Third, even if we define just one of these procedures using rec.key(), I'm still surprised that it works for a few reasons:
- the Sort documentation says that a comparator cannot contain both a key() and a keyPart() method; the DefaultComparator record type that's effectively being used here has a keyPart() method, and you're trying to add a key() method, which intuitively seems as though it is breaking this rule.
- there's also some concern here on my part about whether the Sort module ought to be able to call your .key() method due to concerns about hijacking and point-of-instantiation rules. If it is legal as written, my guess is that what happens is that—since sort() is a generic routine—it will effectively get instantiated here in your module (maybe even within your argsort() routine?), and can therefore see procedures like .key() that are seemingly local to this scope. And that maybe since .key() is more local to this context than the .keyPart() defined in Sort, .key() wins (?). I'd need @vass, @mppf, and/or @lydia to check my work on this, though, as I have a hard time keeping the rules straight.

So as you can see, even though you got the code to seemingly work as you'd expected/hoped, it's making me nervous that it does, as written. The best case scenario would be that it is reasonable for sort() to call your .key() for reasons related to my guesses above, that Chapel should be generating an ambiguity error when two such overloads were defined, that we'd similarly generate an error for trying to define methods on variables rather than types, but that you'd define it on rec and all would be well. But I'm not optimistic that that's right.

Continuing to delay getting to your actual questions, I thought I'd try to sketch out how I think this pattern could (almost) be written more legally, and came up with this:

use Sort;

proc argsort(Data : [?Dom] ?eltType) {
  var n : int = Data.size;
  var d : domain(1) = {0..<n}; // this array of indices will be sorted          
  var idx : [d] int;
  forall j in d {
    idx[j] = j;
  }

  record MyComparator {
    proc key(a) {
      writeln('third version'); return Data[a];
    }
  }

  sort(idx,comparator=new MyComparator());
  return idx;
}

var a = [1,1,20,4,-5,2,3,111,12,5,100];
var sort_indices = argsort(a);
writeln(a[sort_indices]);

Specifically, what I'm doing here is defining my own comparator type with its own .key() method defined as you were, and passing that to Sort.sort(). I think this is all on the up-and-up.

The reason I say it "almost" implements the pattern that you were shooting for is that I've dropped the comparator argument because I'm not certain what I would do with it if it one were passed in. Would I want it to override this local comparator I've created and get passed in instead? Would I want its logic to be combined into this local comparator record in some way?
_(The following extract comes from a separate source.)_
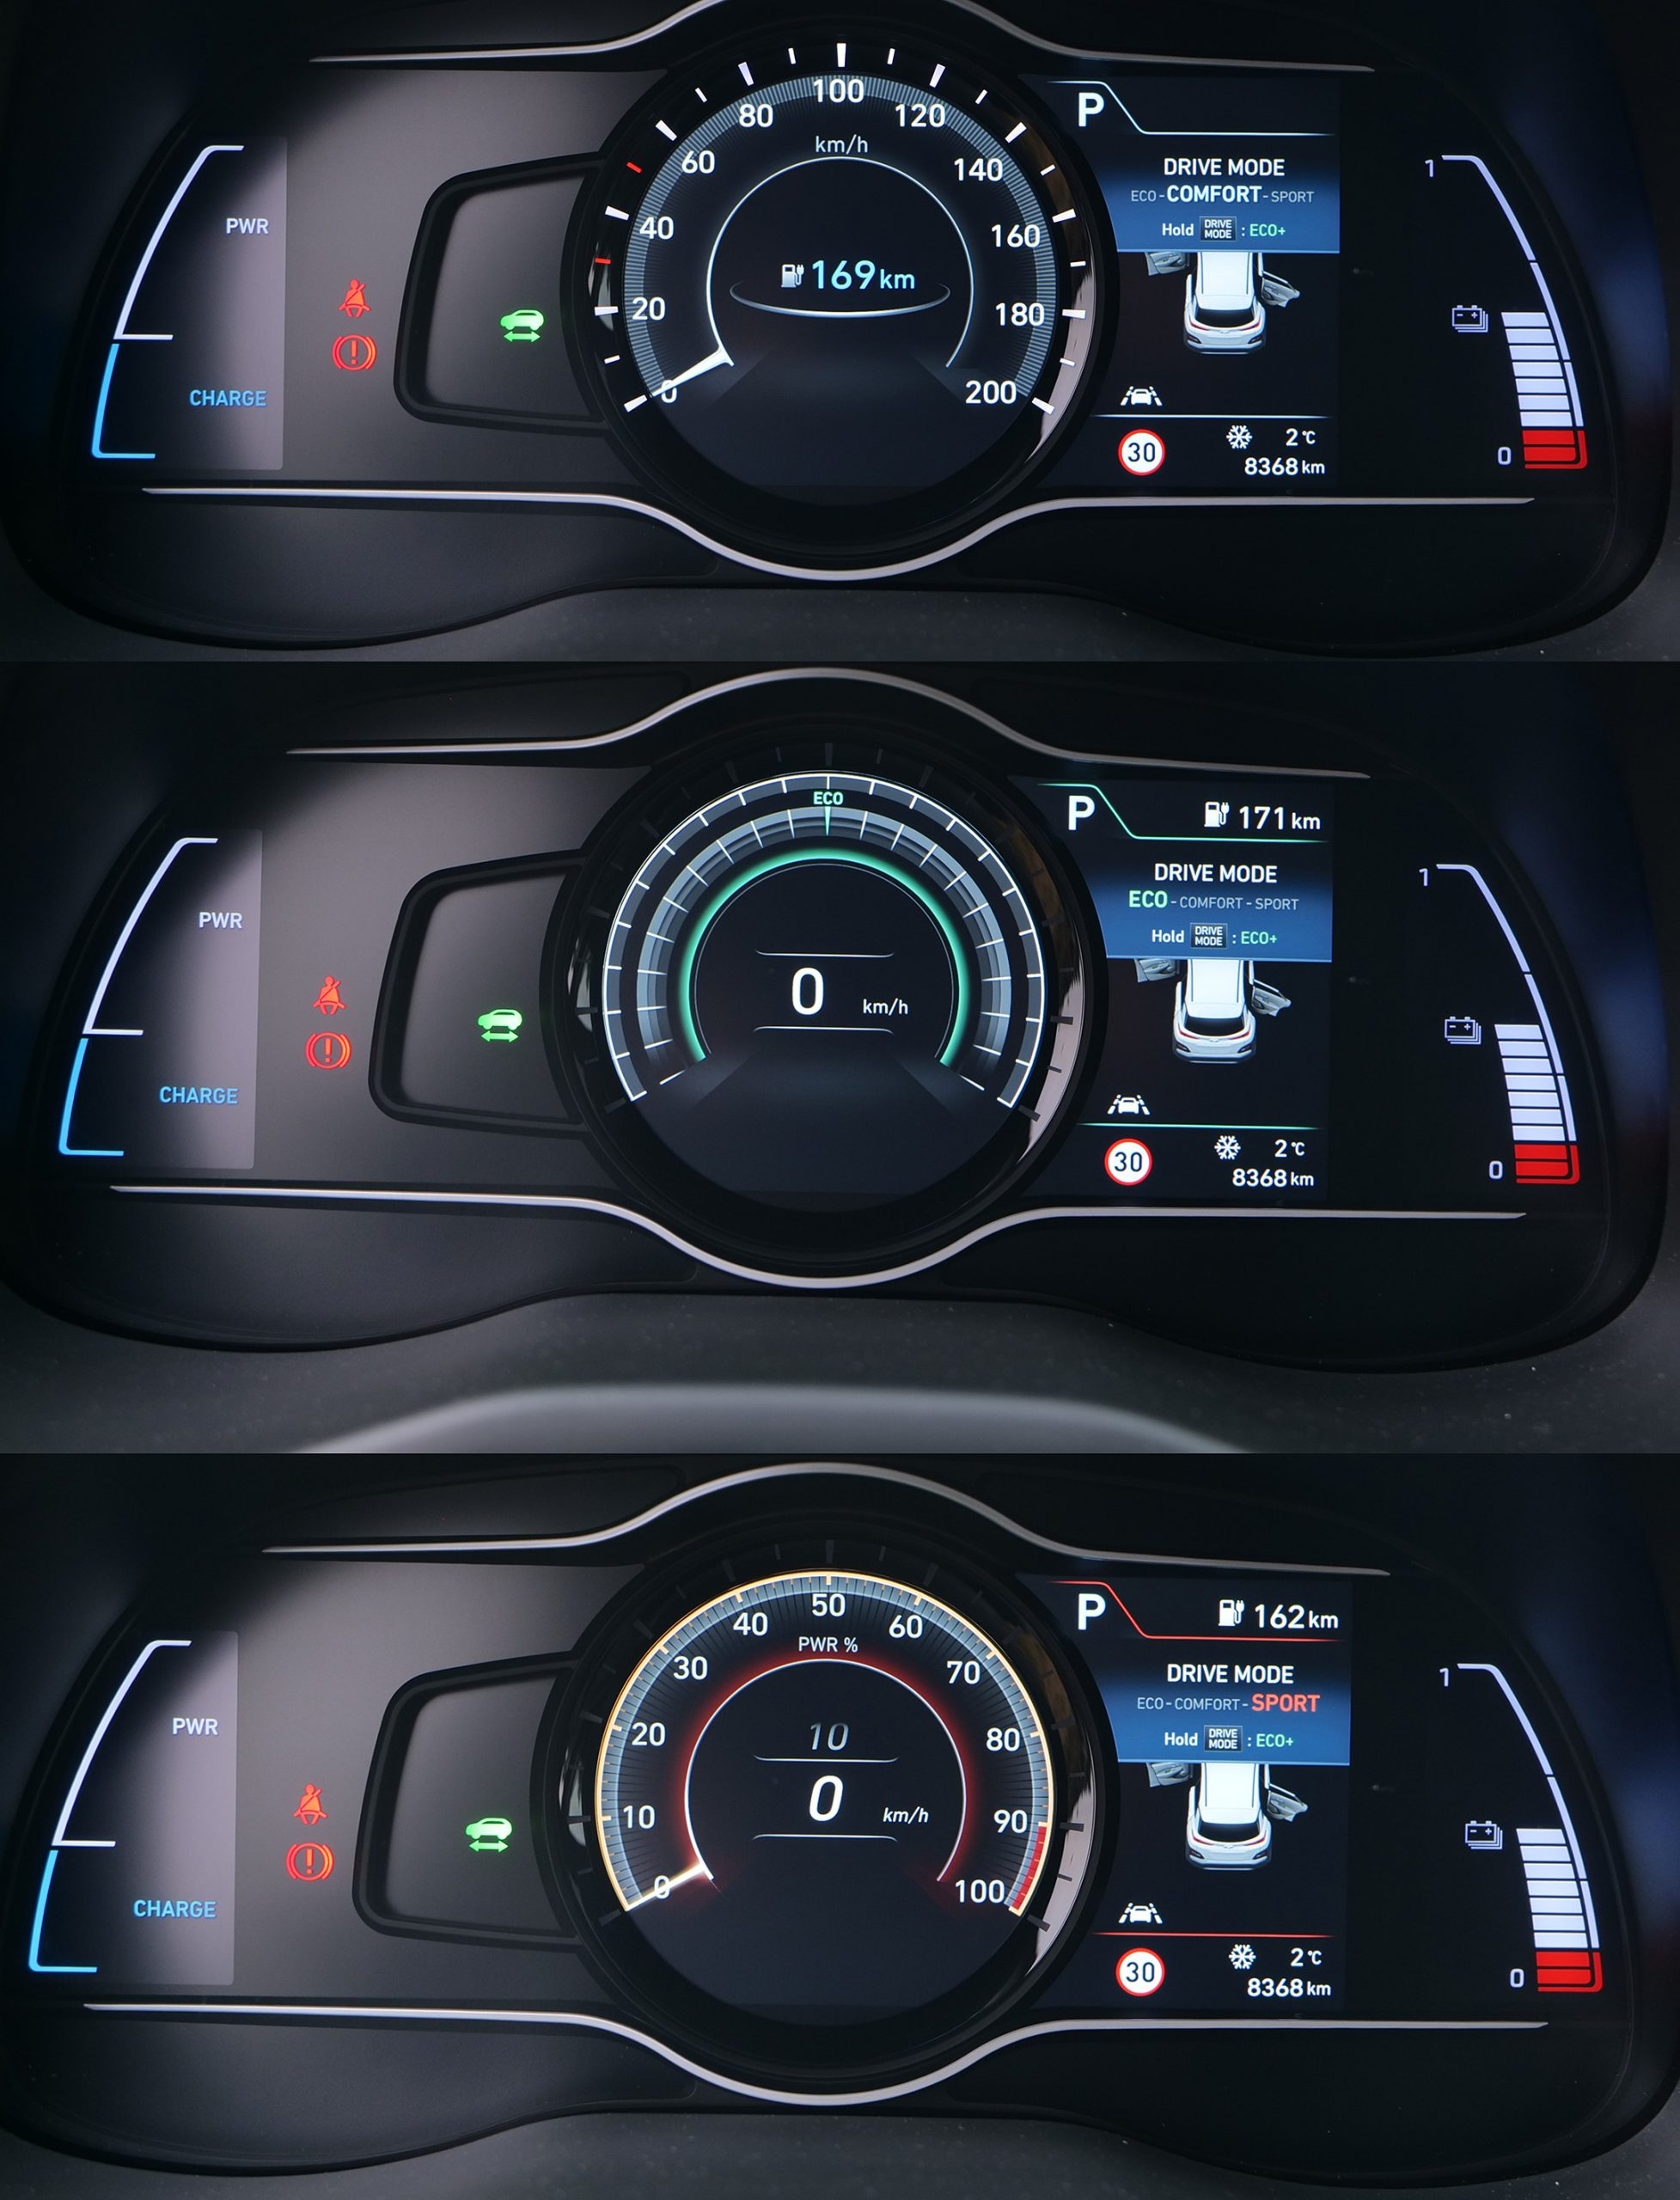 Hyundai Kona drive modes

I decided these were questions that would be best put off until daytime or kicked back to you for consideration and just removed the comparator argument instead.

And then as one last delay, I wanted to note that Arkouda implements argsort and coargsort functionality (where I've spent very little time with their code, and am just recognizing the names), in case that might be useful to you. There has been discussion about spinning their sort routines out into a mason package to make them usable to other users, and some baby steps in that direction, but it hasn't happened yet.

OK, on to your questions:

Q1a: I would say that you are not overwriting defaultComparator in any way. Specifically, you're accepting it as a default value into your argsort() routine, and effectively having the argument named comparator store a const ref that refers to it. The const-ness of defaultComparator and const ref-ness of comparator means that you wouldn't be allowed to modify its fields, if it had any. But it doesn't, it's effectively just a way of passing a bundle of methods around.

What you're doing here is effectively extending the methods that its type (DefaultComparator) supports (illegally, in my opinion, though switching to rec would make it legal). This is less a question of const-ness as it is what methods a given type supports. Methods like these are called tertiary methods in Chapel because they are defined in a different module/scope than the type itself. Sometimes it makes people uneasy to think that they can define tertiary methods at all, but if you think of them as being like defining a standalone procedure that accepts a rec/DefaultComparator as its first argument, and it just gets some special syntax that lets that first argument be the receiver of the method call, then hopefully it's not as unnerving.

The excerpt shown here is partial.